I would argue that it's not a good idea to do this for all branches by default. For example, we do the opposite for 'master', we force merge commits (--no-ff) on master/integration branches but use pull --rebase on feature branches that we share.
autosetuprebase is annoying because it doesn't apply to any already existing branches, and because it's configuring a per-branch setting going forward, if you ever want to change the setting later after you have a lot of branches, you're going to be making a lot of config changes in a lot of places. Instead you can just do:
git config --global pull.rebase true
I would recommend that you do not do this. I rebase probably 80% of my pull requests, but sometimes you do want a merge commit. Instead, I setup an alias for git pull --rebase
This also helps when pairing with someone else. The process of handling a rebase conflict vs pull/merge (regular pull) is quite different.

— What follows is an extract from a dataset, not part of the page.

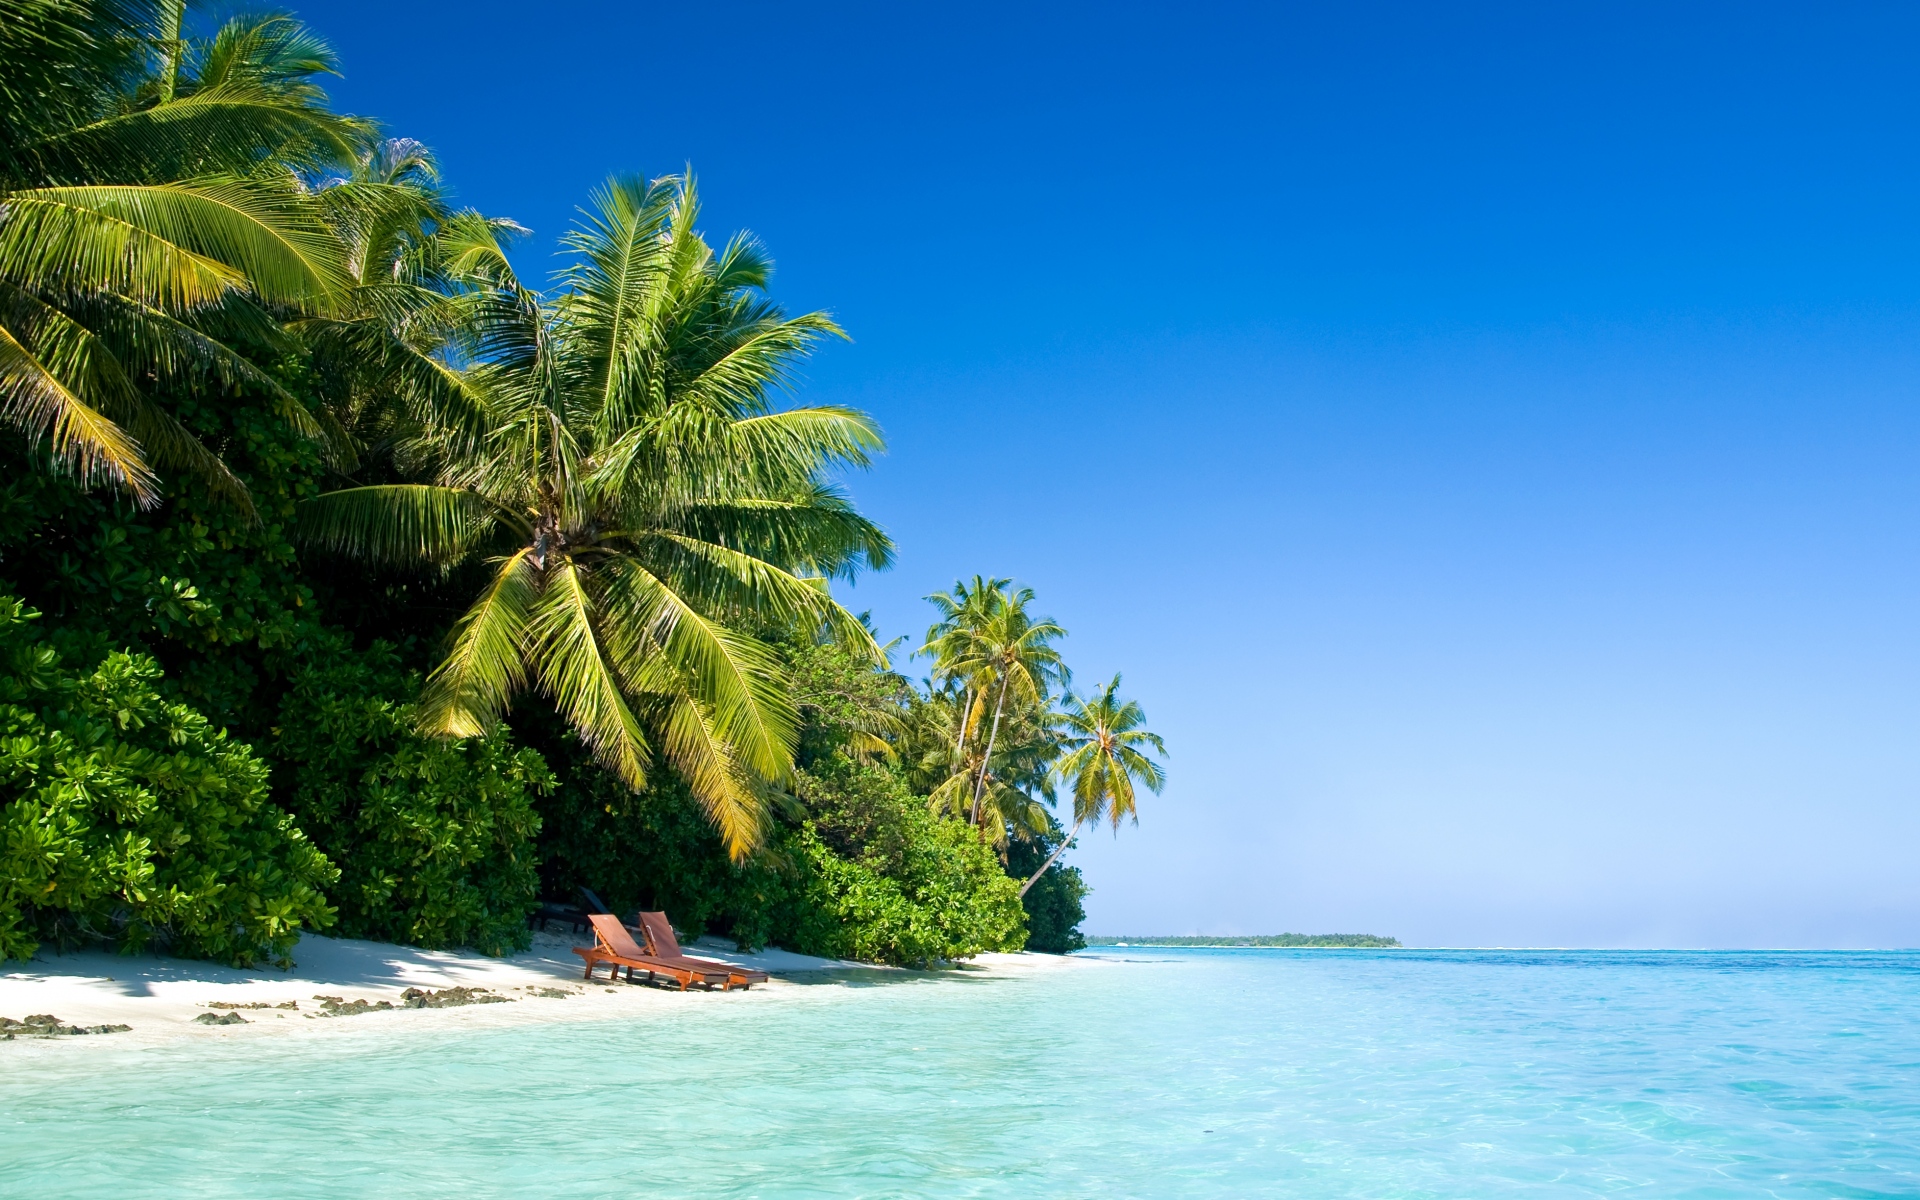 Картинки Мальдивы, тропический, пляж, пальмы, лето, тепло фото и обои на рабочий стол
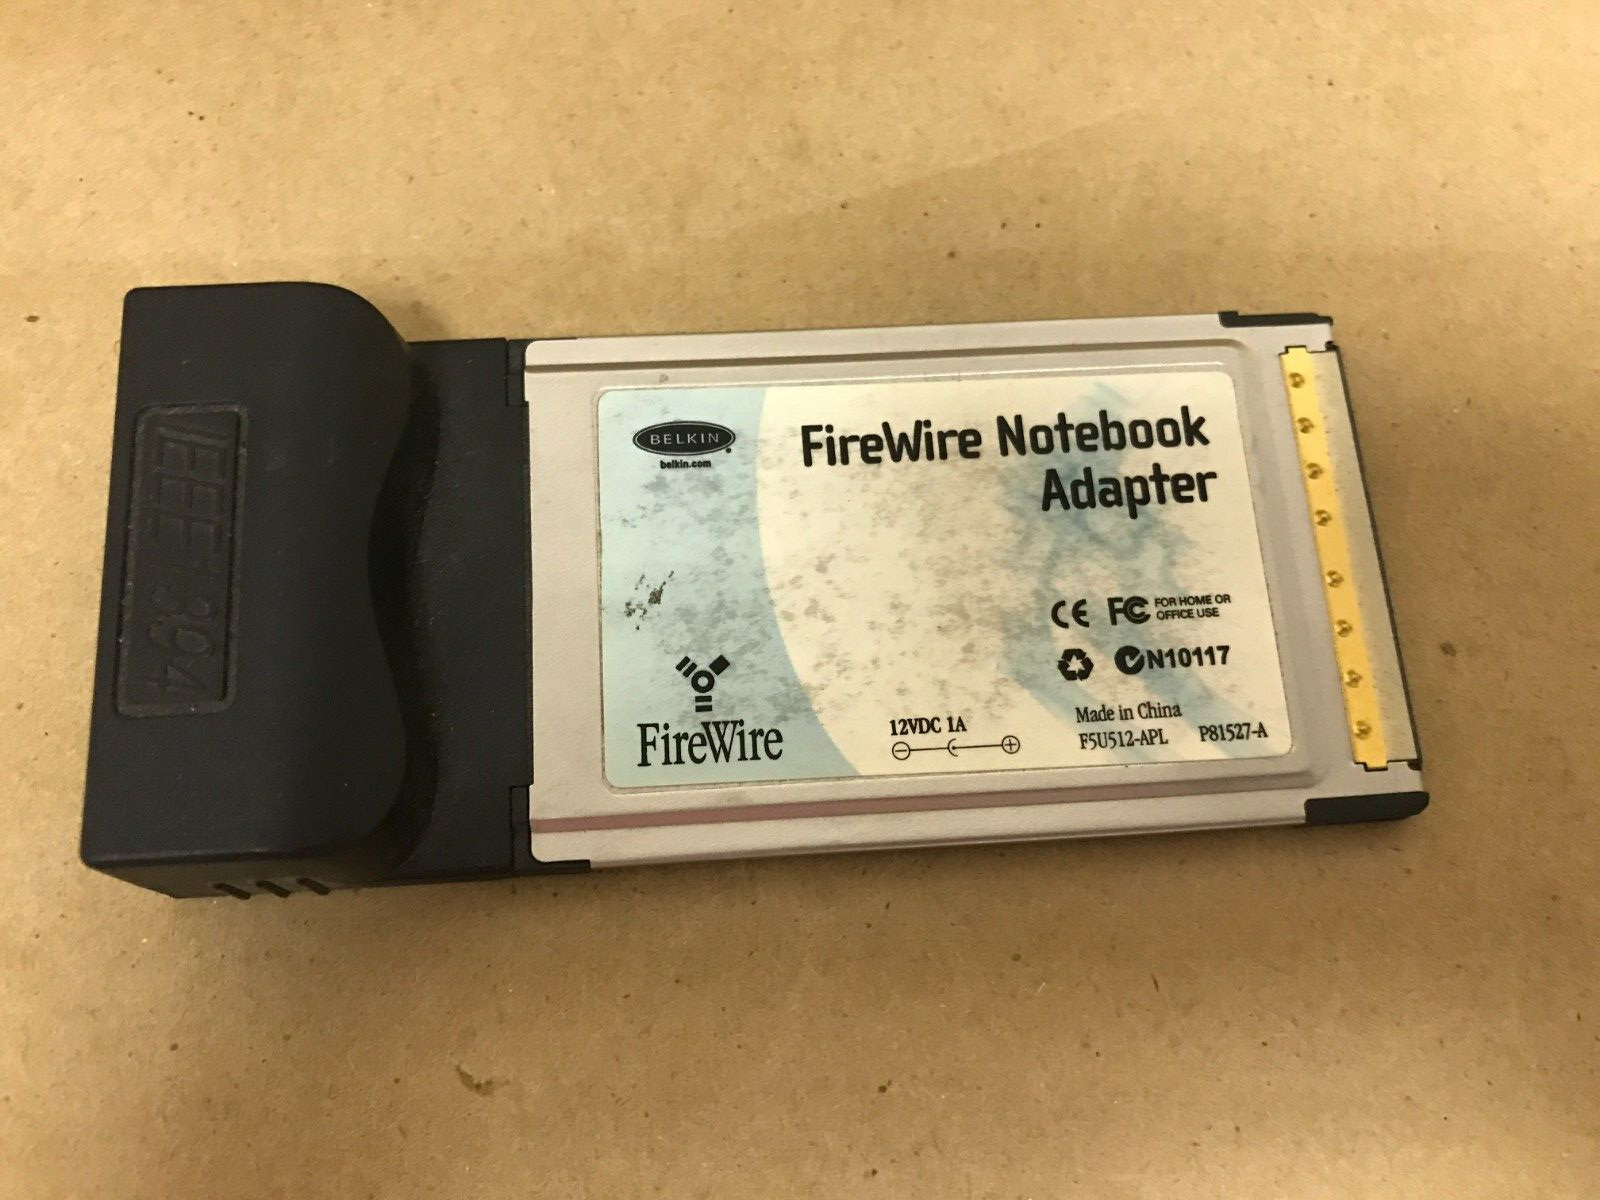 Belkin FireWire PCMCIA Notebook Adapter F5U512-APL P81527-A L1-22

if you want to do a merge commit sometimes, but pull --rebase most of the time, why not make pull --rebase the default, and do a fetch && merge when that's what you want?
Example: I am working on a local branch feature/xyz. I decide I am done my work and merge feature/xyz -> master. I get ready to push and realize I am 5 commits behind origin/master. How do I fetch them now?

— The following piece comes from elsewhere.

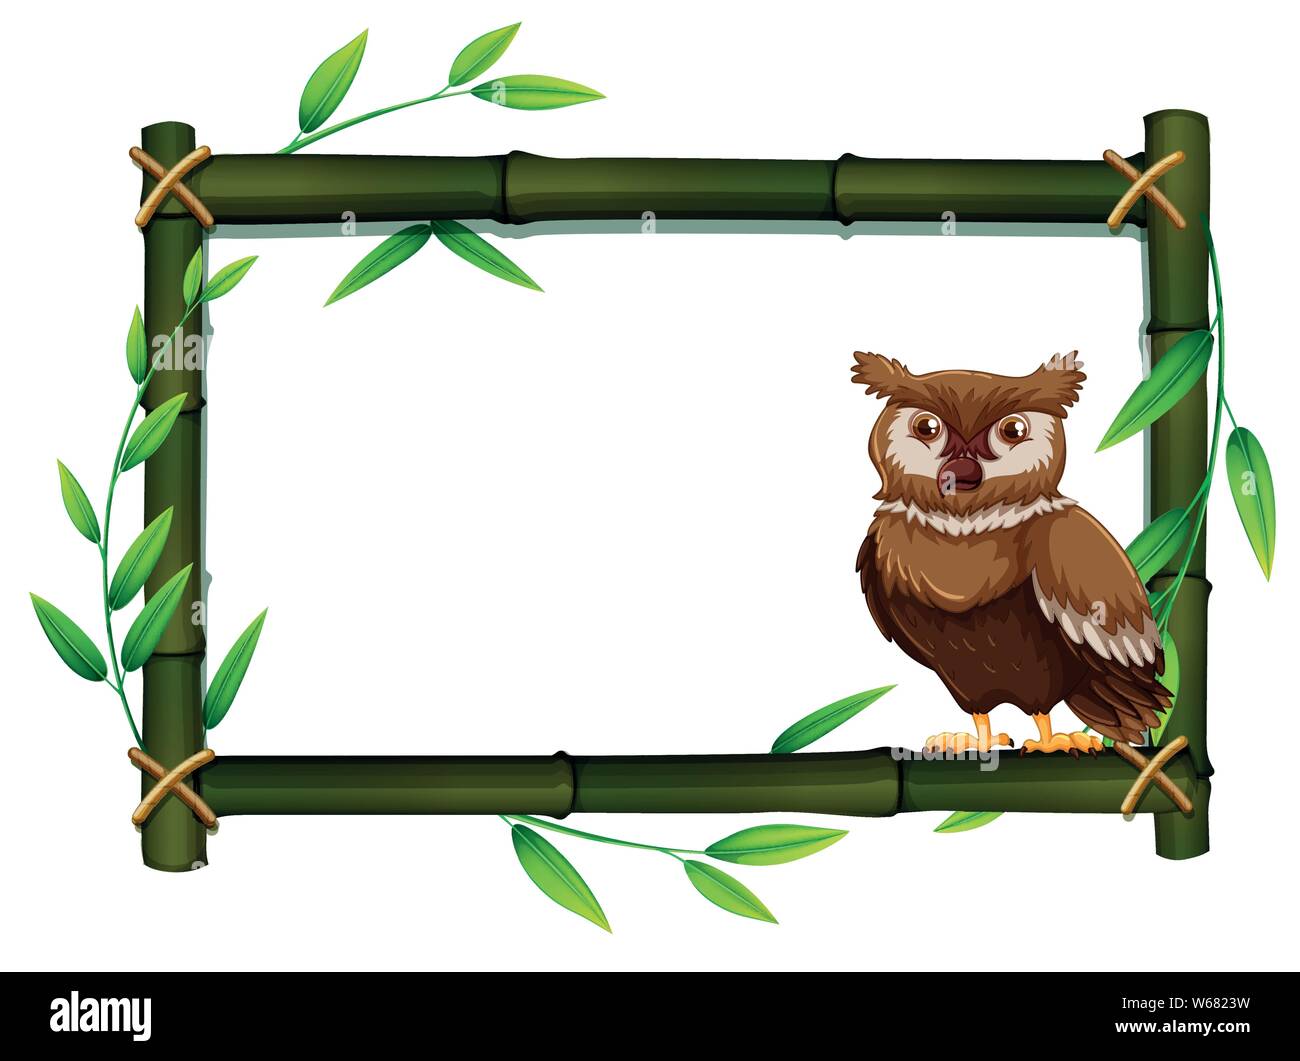 Owl dans une armature en bambou illustration Illustration de Vecteur

If you use git --rebase it will clobber your feature branch merge commit. On the other hand if you do a fetch & merge this also probably is not what you want (you will have a merge-commit on top of your merge commit, dawg). git rebase -p is probably the best option in this scenario.
Once you find out your master (B) is behind, because say there's G-H-I on origin, you'd want to rebase onto that. So you use the 3-argument form of git rebase --onto:
git rebase --onto origin/master C~1 E
Which would take C's old base, C~1 (B), and replace it with origin/master, but only up to E.
Or, if you still had the branch around that you merged into master (which you do, in many forms, including the reflog, even after you delete the branch).
Ah awesome, I love there are so many things to learn about git.
I knew about git rebase -p and its nuances, but haven't known about the --onto until now. The 3-argument form of git rebase --onto in your blog post was great, thanks!
For me, my alias 'git pr' is shorter than 'git pull'. For the person working with me, not being in a rebase when they didn't expect to be is also a boon.